▸ **TRY IT**:
Go through the listing below and output exactly the line with "Sentencia procés: Arranca", the line with "Fimo arcilla polimerica", and each line between; omit the rest.

▸ **DATA EXTRACT**:

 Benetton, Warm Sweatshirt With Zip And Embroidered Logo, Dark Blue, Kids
...
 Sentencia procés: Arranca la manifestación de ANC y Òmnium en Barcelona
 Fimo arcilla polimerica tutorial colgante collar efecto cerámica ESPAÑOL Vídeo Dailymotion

▸ **ANSWER BELOW**:
 Sentencia procés: Arranca la manifestación de ANC y Òmnium en Barcelona
 Fimo arcilla polimerica tutorial colgante collar efecto cerámica ESPAÑOL Vídeo Dailymotion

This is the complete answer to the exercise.